Your instructions
It would help if you retyped the data exactly, leaving out the pictures.

Information provided
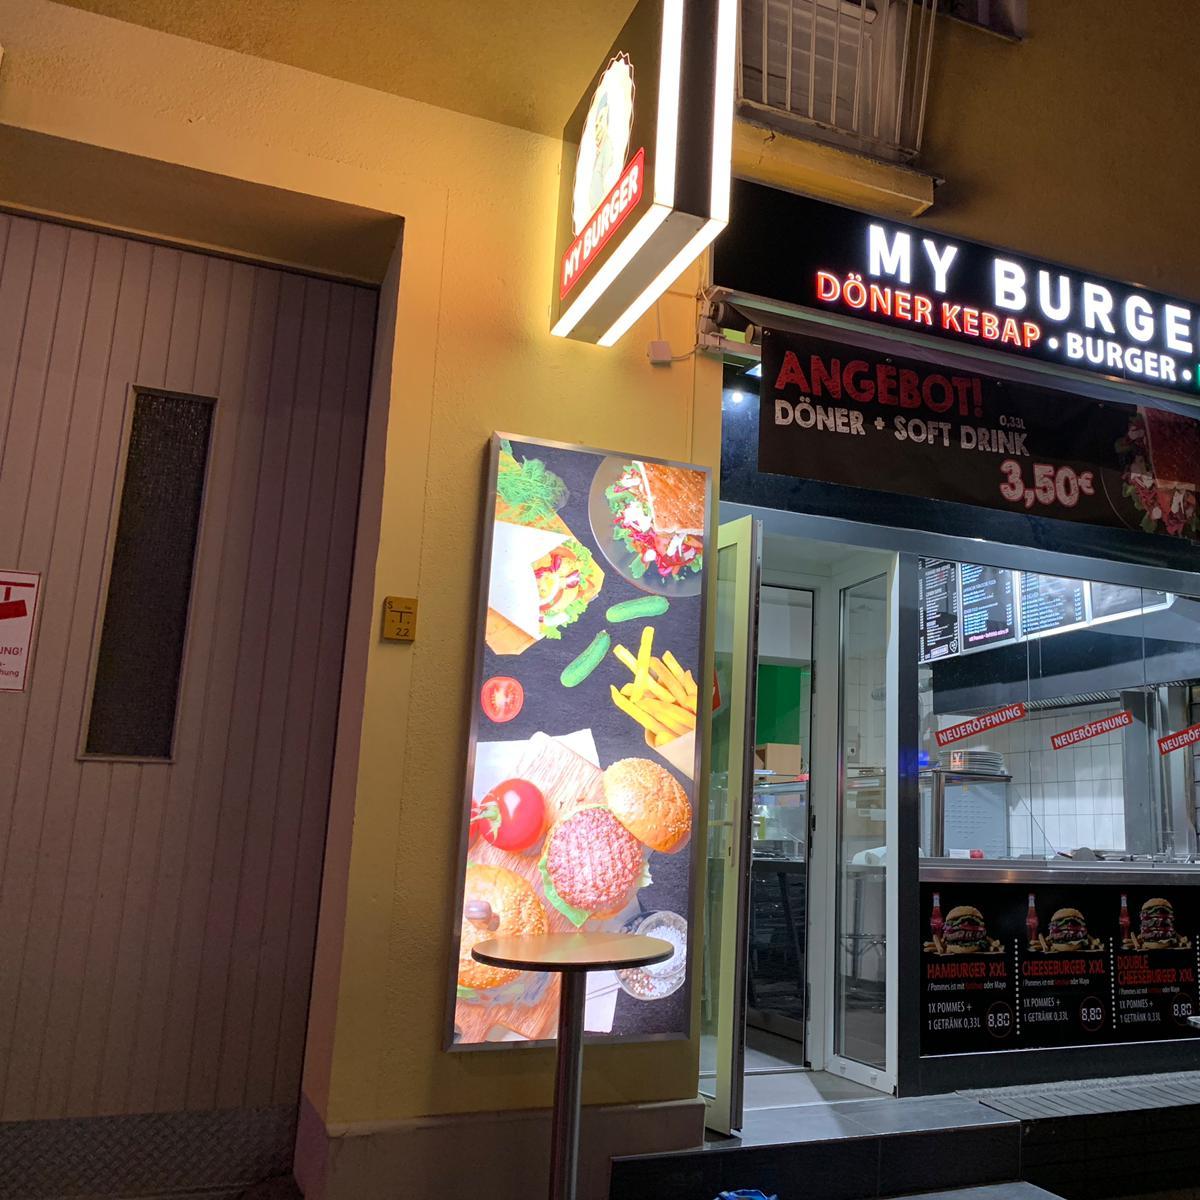 Restaurant "My Burger" in  Berlin
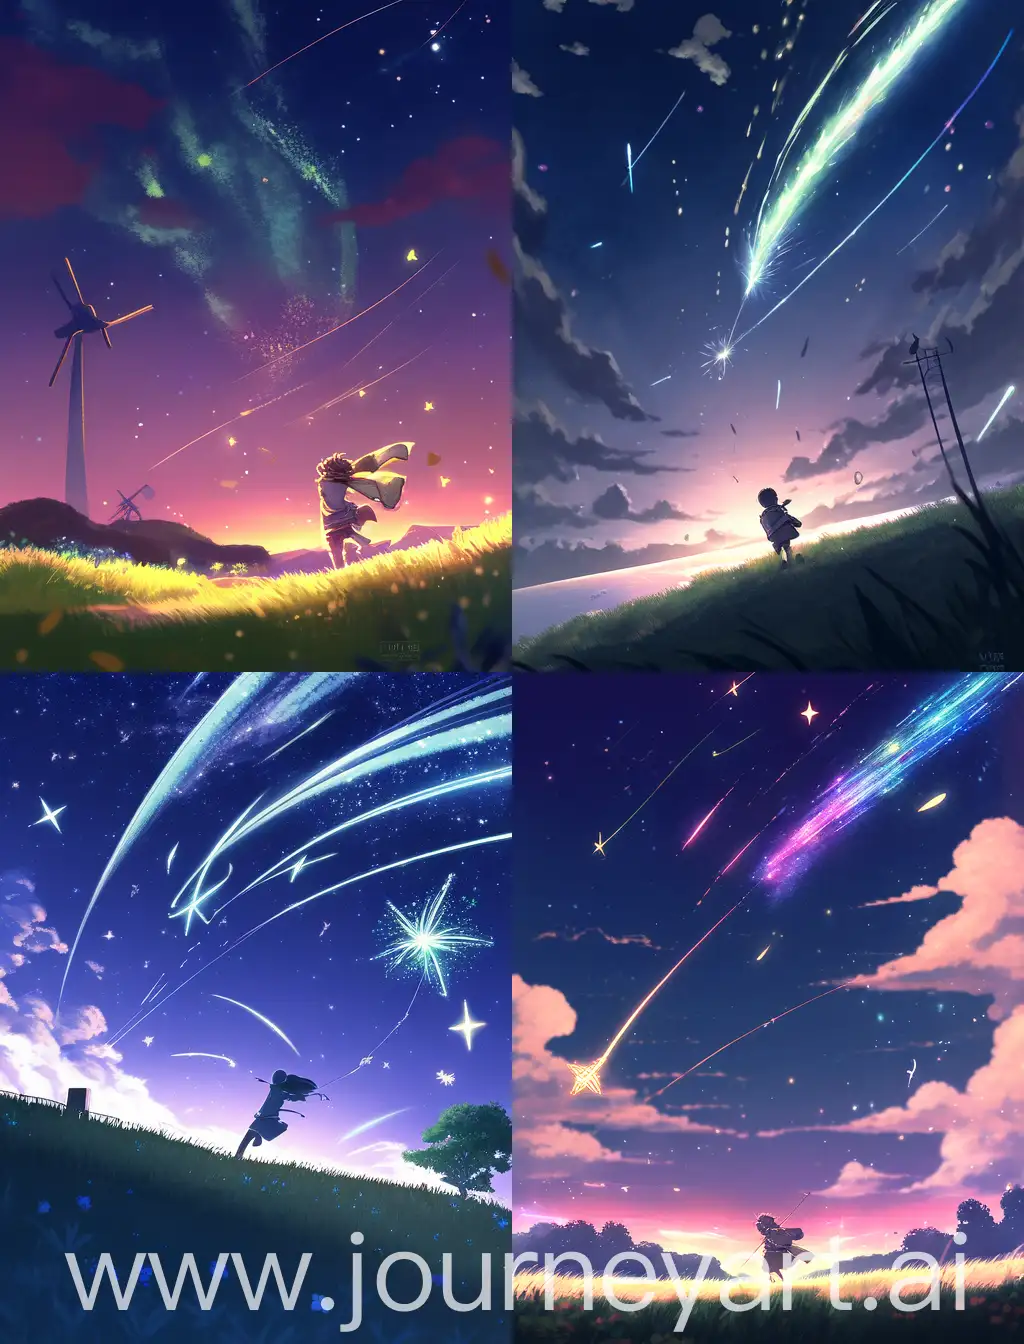 Boy-Chasing-Milky-Way-Kite-on-Grassland
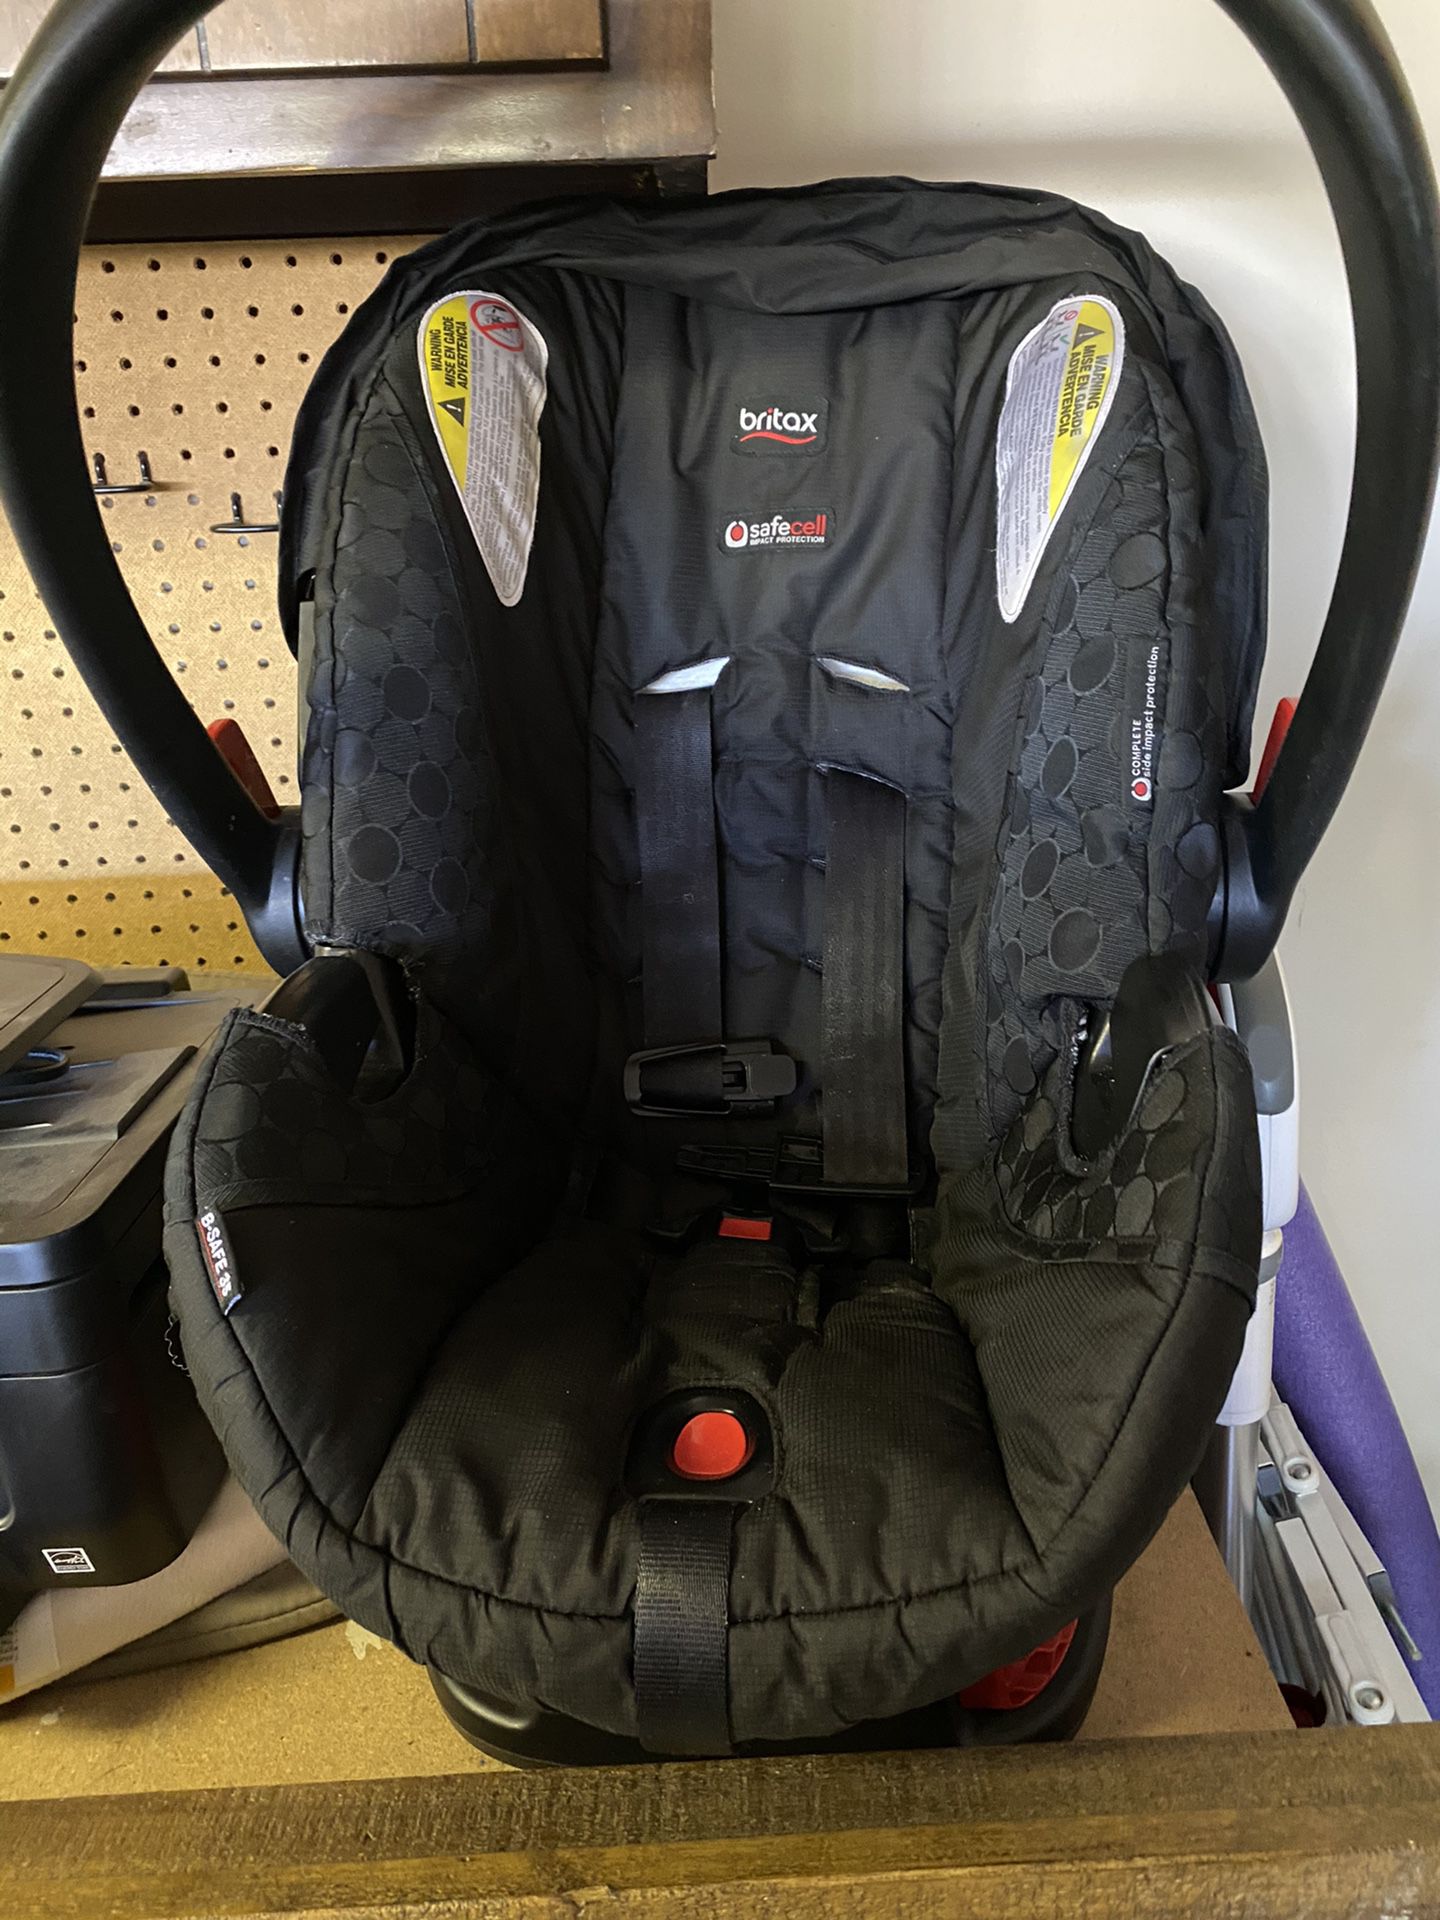 Britax infant car seat

Answer space
 Restaurant "My Burger" in  Berlin
 Boy-Chasing-Milky-Way-Kite-on-Grassland
 Britax infant car seat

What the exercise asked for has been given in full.